We can’t deny it: in HANNIKO we are against pyrotechnics in general, and the domestic ones in particular. Leaving aside the accidents that occur each year among people that aren’t used to gunpowder and its derivatives, the truth is that most dogs cannot stand fireworks or firecrackers. To be more exact, it is not simply an exquisite canine taste, but a very serious problem. The effect of the noise of fireworks and firecrackers on a dog that is afraid of them, is like submitting to a high intensity anxiety attack. The dog simply believes that he is going to die. And in fact, many dogs end up perishing with fulminating heart attacks.
This happens to your dog with pyrotechnics and firecrackers
It is not known exactly why some dogs suffer from this phobia and others do not. But it is not very important to know the origin: it is enough to know that those who are affected are really affected. Everything said above is true: anyone who owns a dog afraid of fireworks experiences what it means to have a dog that the next second, after the noise, suddenly becomes to be a completely different dog.
Strong tremors, the tail between the legs, moans, the terror on his face and his way of acting … These are some of the effects we can easily notice. But the effects are even bigger inside, physically and mentally. Dogs suffer tachycardia, nausea, unreality and the feeling that they are going to die. A heart attack that can strike weak dogs or some certain aged dogs and then there’s also the loss of control: many dogs disappear forever fleeing at full speed at the moment they feel the first explosion of the pyrotechnic spectacle in the sky.
What to do to help them spend this moment as well as possible
As in life, there are no magic formulas. Common sense says if you get your dog used to the noises since he’s a puppy, exposing it in its first three weeks of existence to bursts and firecrackers, and not giving importance to the subject, it is possible that he’ll never suffer this fear problems. However, even this tactic cannot ensure that a dog is free to suffer this irrational fear.
In general, what’s recommended is to remain calm and not to try to protect him from a danger that, really, does not exist. To master the situation to the fullest, it is advisable that, if you know what time will the fireworks take place, to stay in your house quietly, with the windows closed, the blinds, if you want, also, and even with the TV on with a higher volume than the one you usually have.
What is not recommended to do
If your dog hides (usually under the bed or in some kind of tunnel that connects your house with the center of the Earth) do not try to force him out of there, taking away his fear. Let him “avoid danger” in a way that makes him feel safe.

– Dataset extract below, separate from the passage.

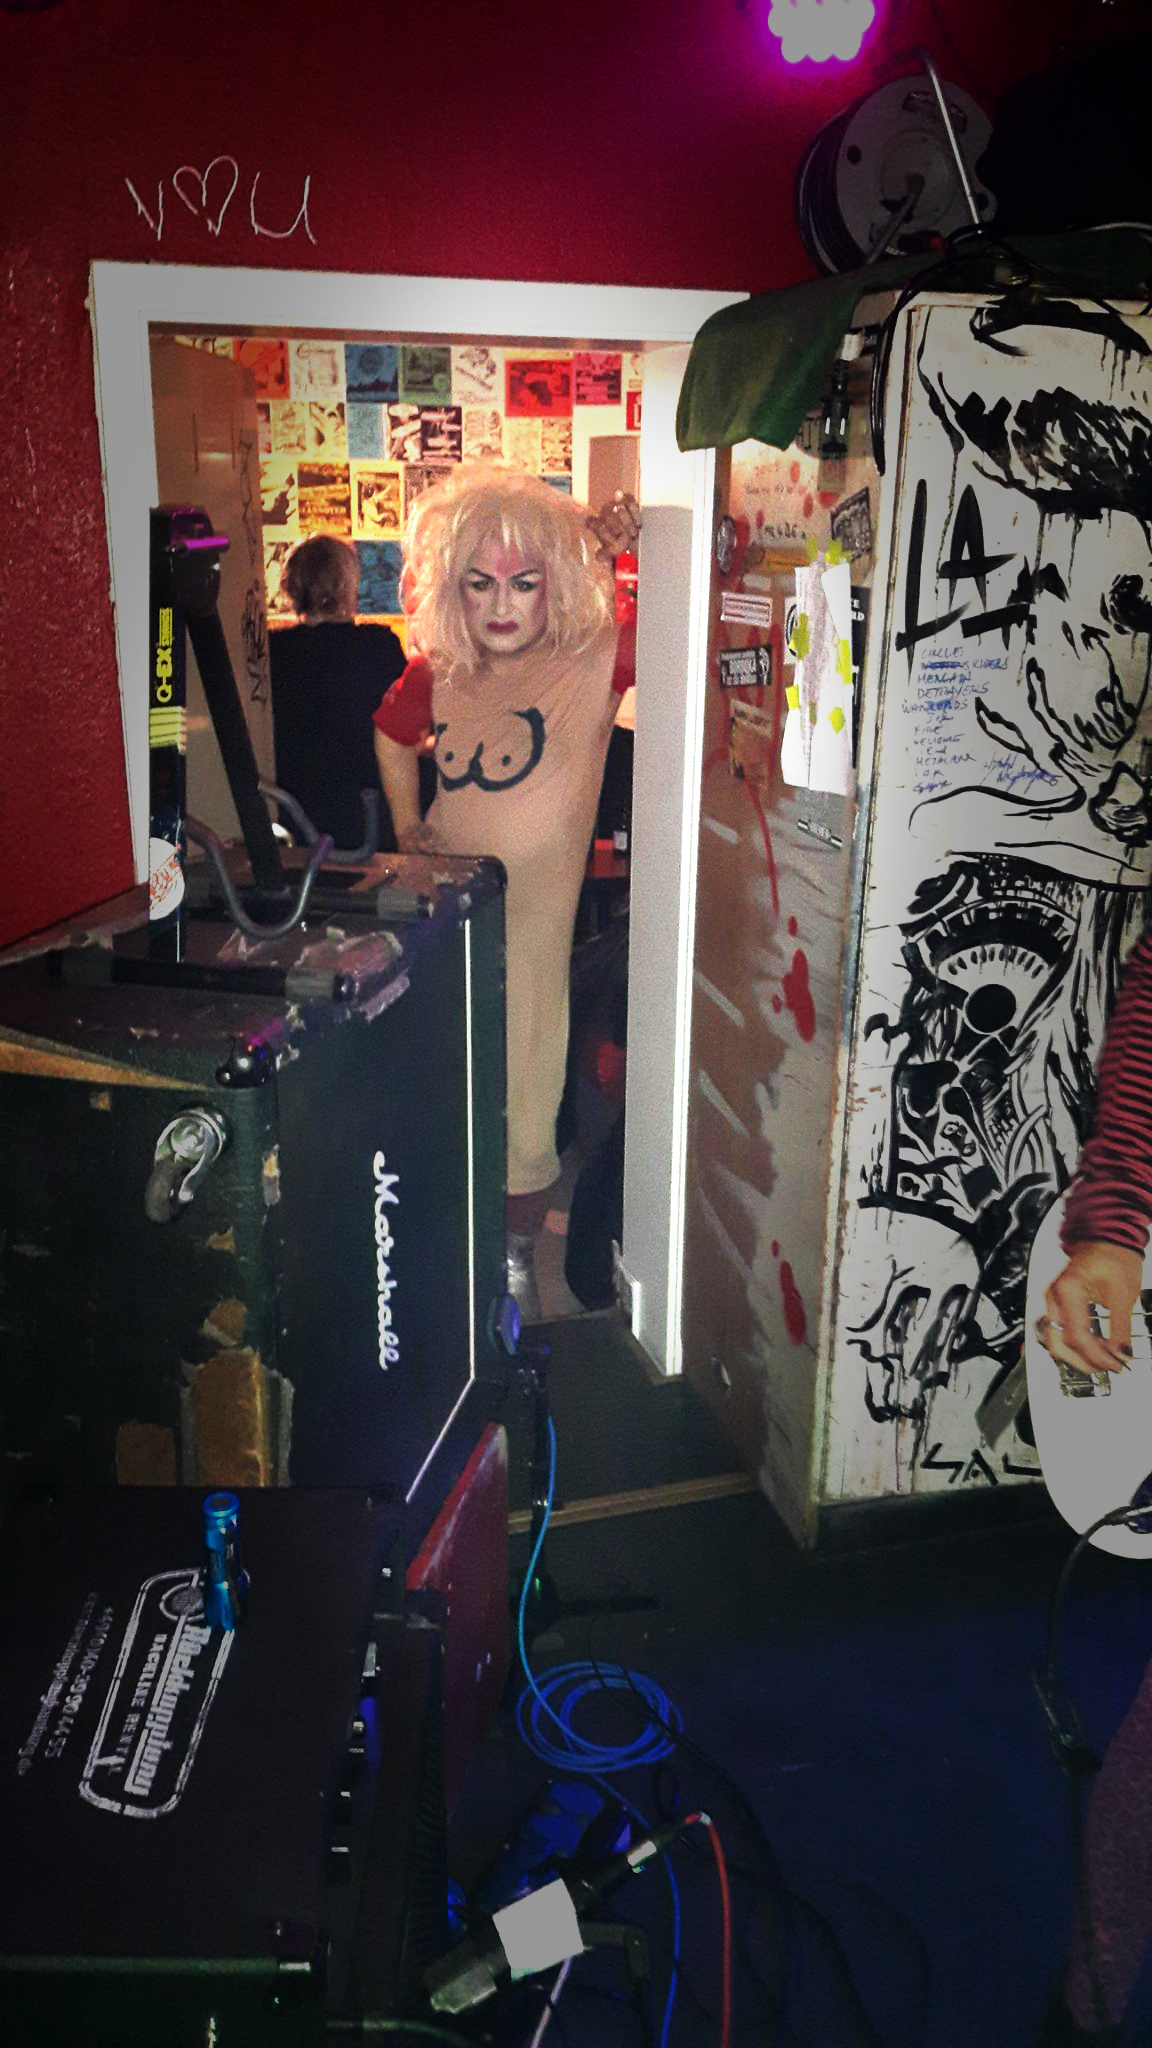 Anita_backstage

If you own a land and your dog usually makes his life on the outside of the house, do not leave him out there on his own, waiting for the noise to pass, and don’t you ever tie him up to some post. Remember that you are the one who knows that fireworks are harmless… but your dog thinks that he’ll may die in the next few seconds.
In short, whenever you can, try to protect your dog from fireworks and firecrackers with preventive measures. It’s the best you can do for him.